# ASSIGNMENT
Skip every image and restate the data word for word.

# EXERCISE DATA

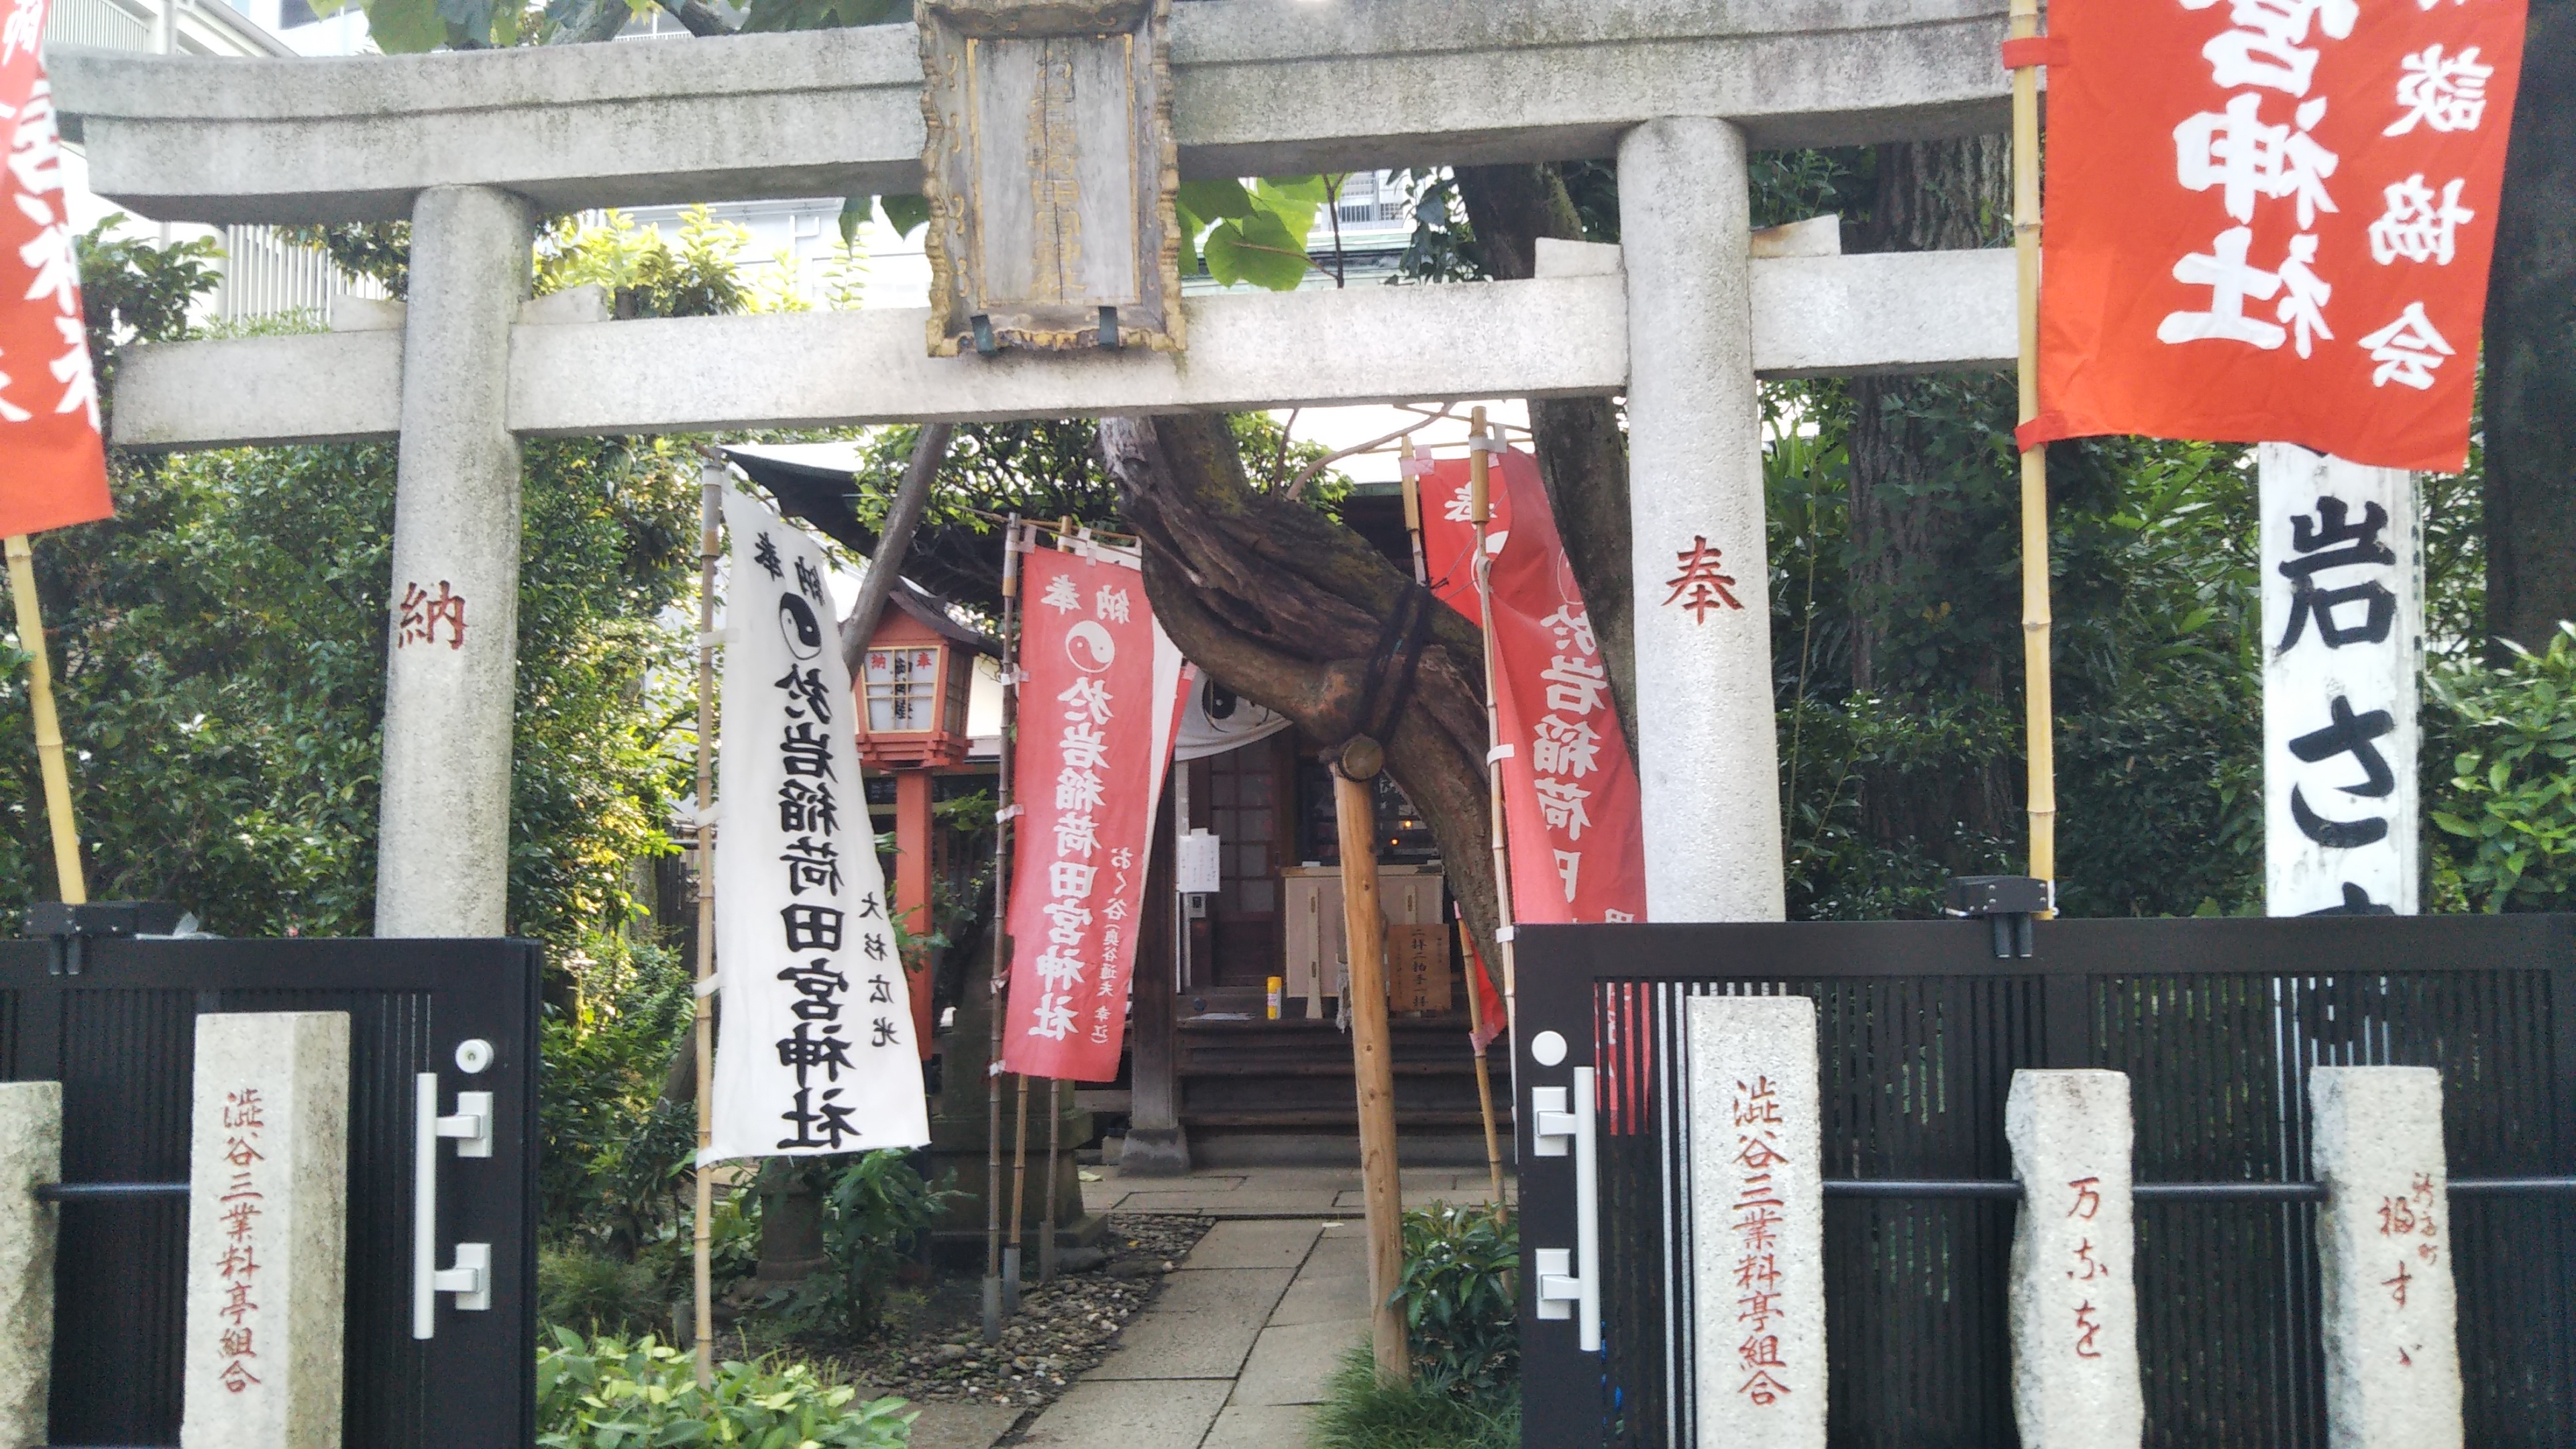 夏の風物詩 四谷怪談 をめぐる江戸の小旅行 ブログ 三重県総合文化センター
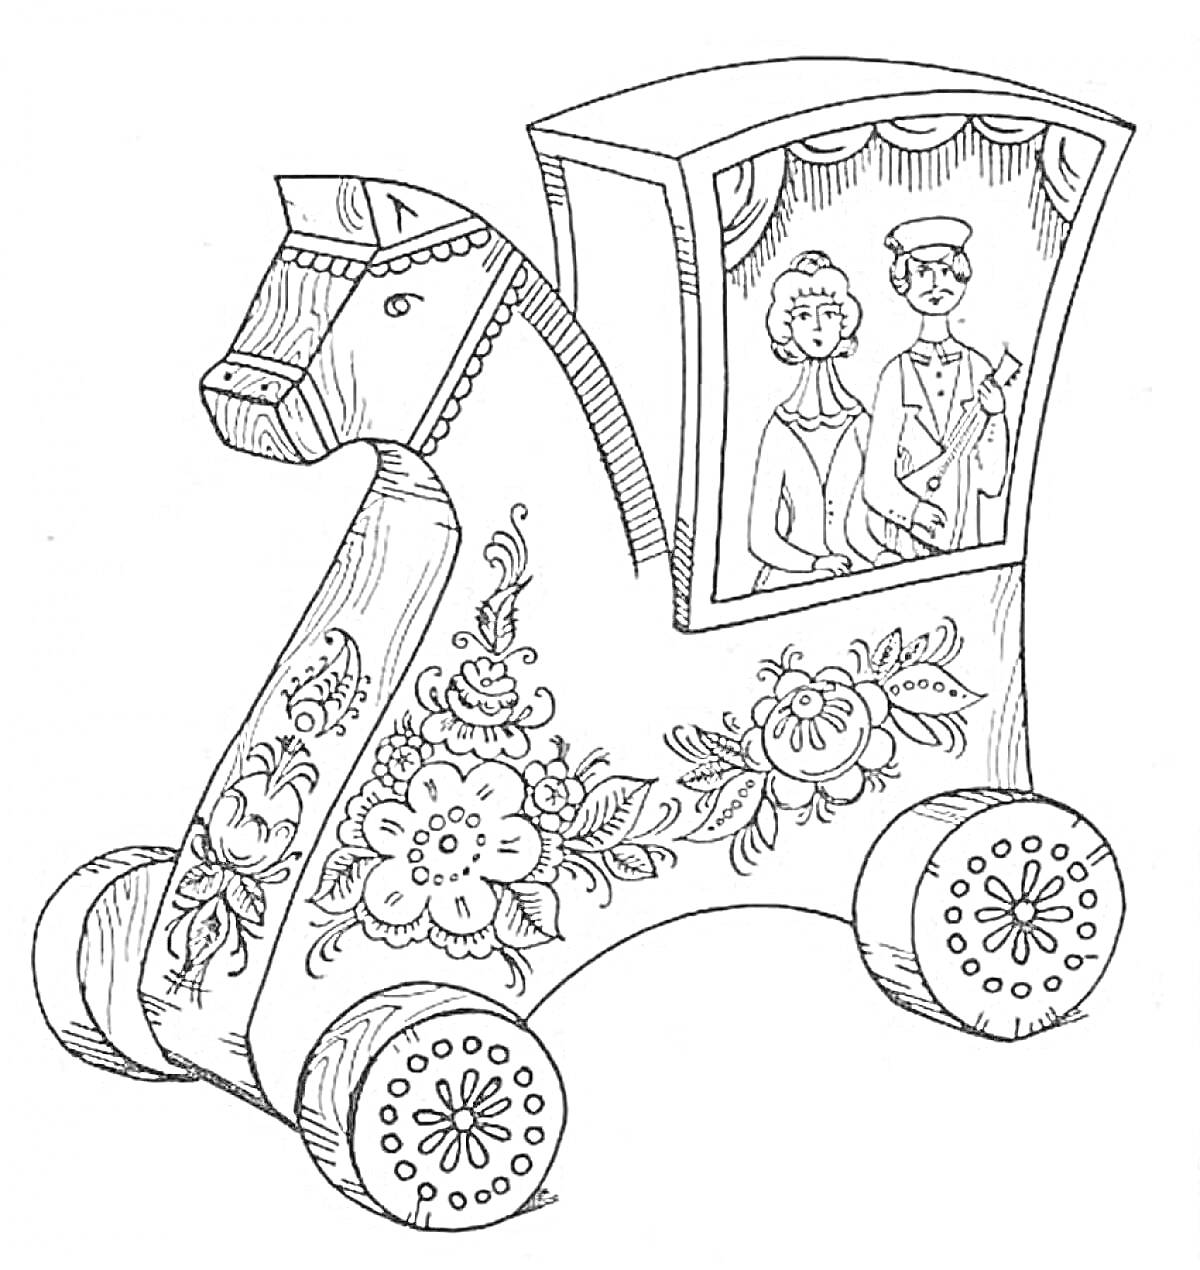 Раскраска Лошадка-каталка с двумя людьми в кабинке и цветочным узором
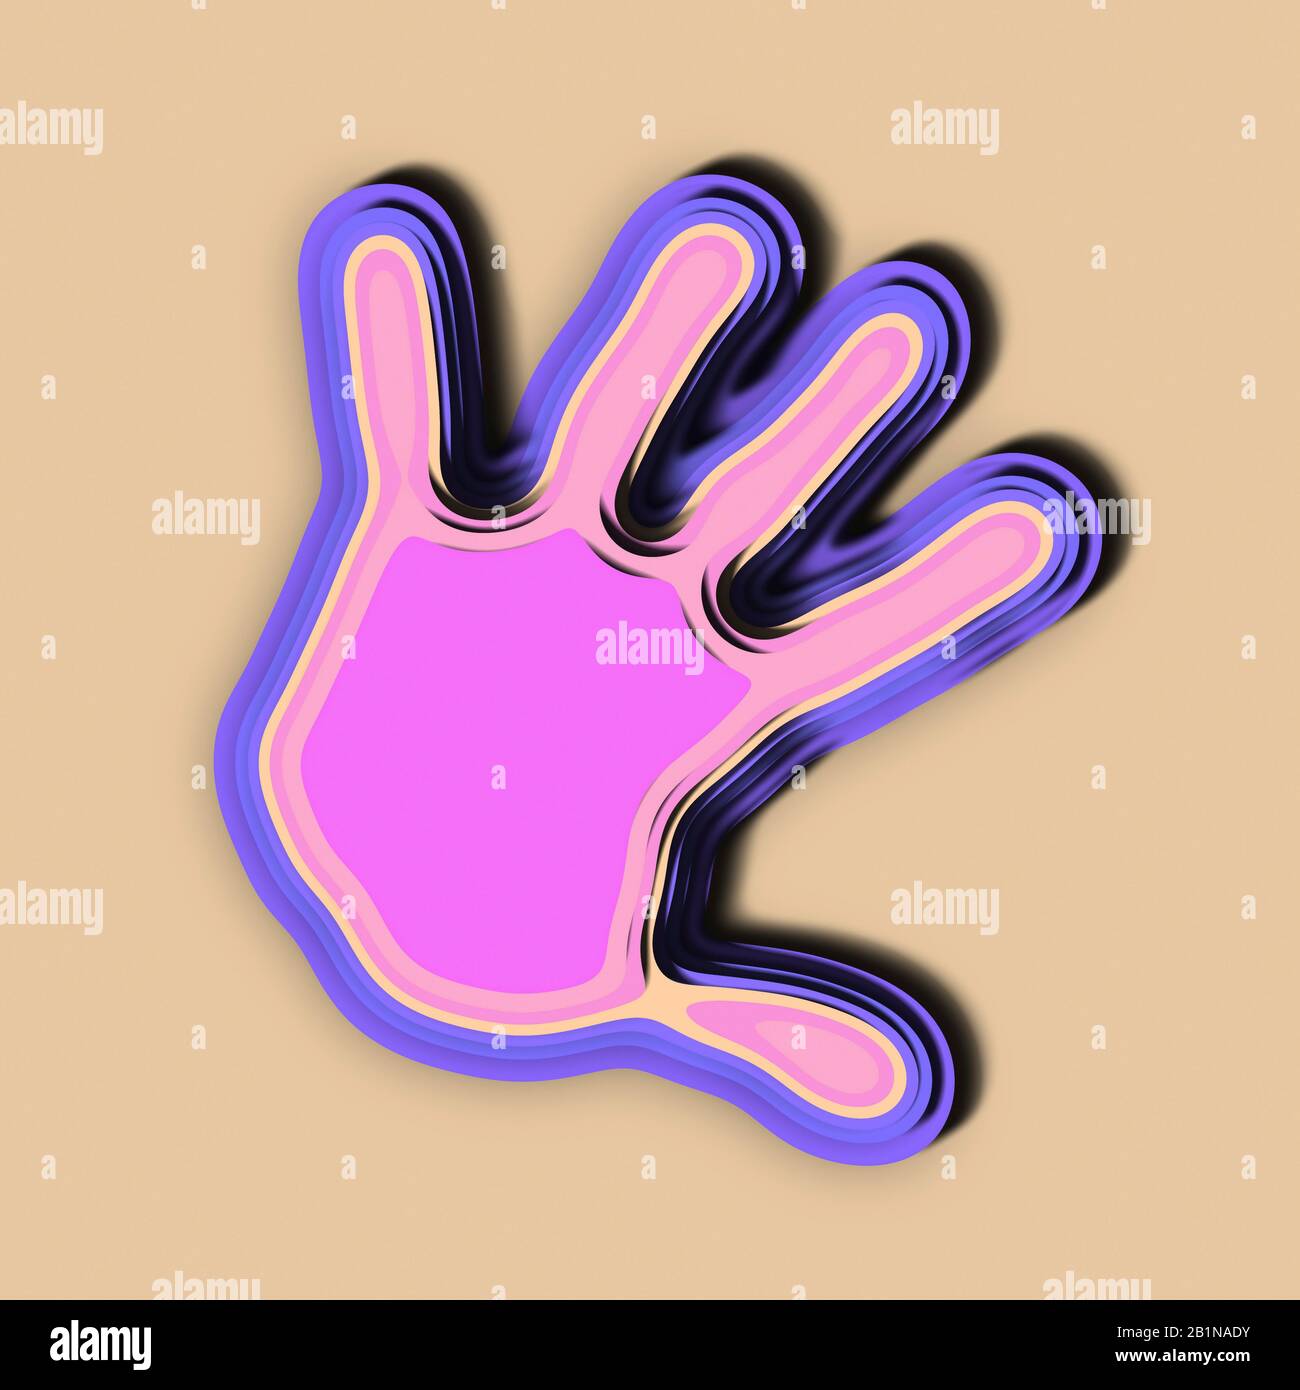 Papierschnitt einer Hand in violetter Farbe vor beigefarbenem Hintergrund Stockfoto
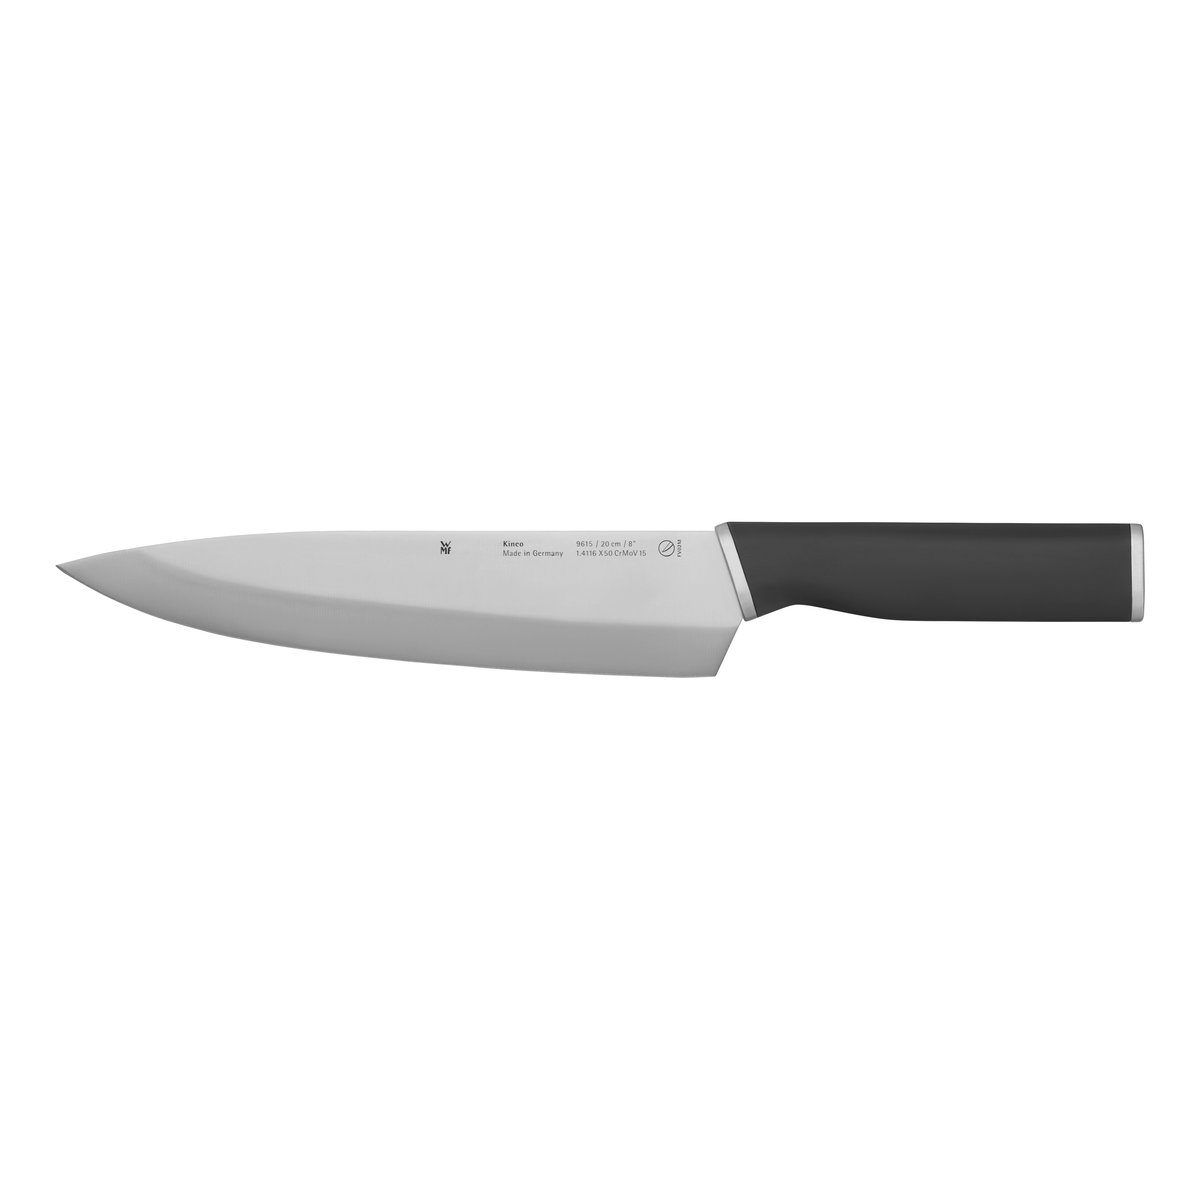 wmf couteau de cuisine kineo cromargan 20 cm

# FINAL ANSWER
 夏の風物詩 四谷怪談 をめぐる江戸の小旅行 ブログ 三重県総合文化センター
 Раскраска Лошадка-каталка с двумя людьми в кабинке и цветочным узором
 Papierschnitt einer Hand in violetter Farbe vor beigefarbenem Hintergrund Stockfoto
 wmf couteau de cuisine kineo cromargan 20 cm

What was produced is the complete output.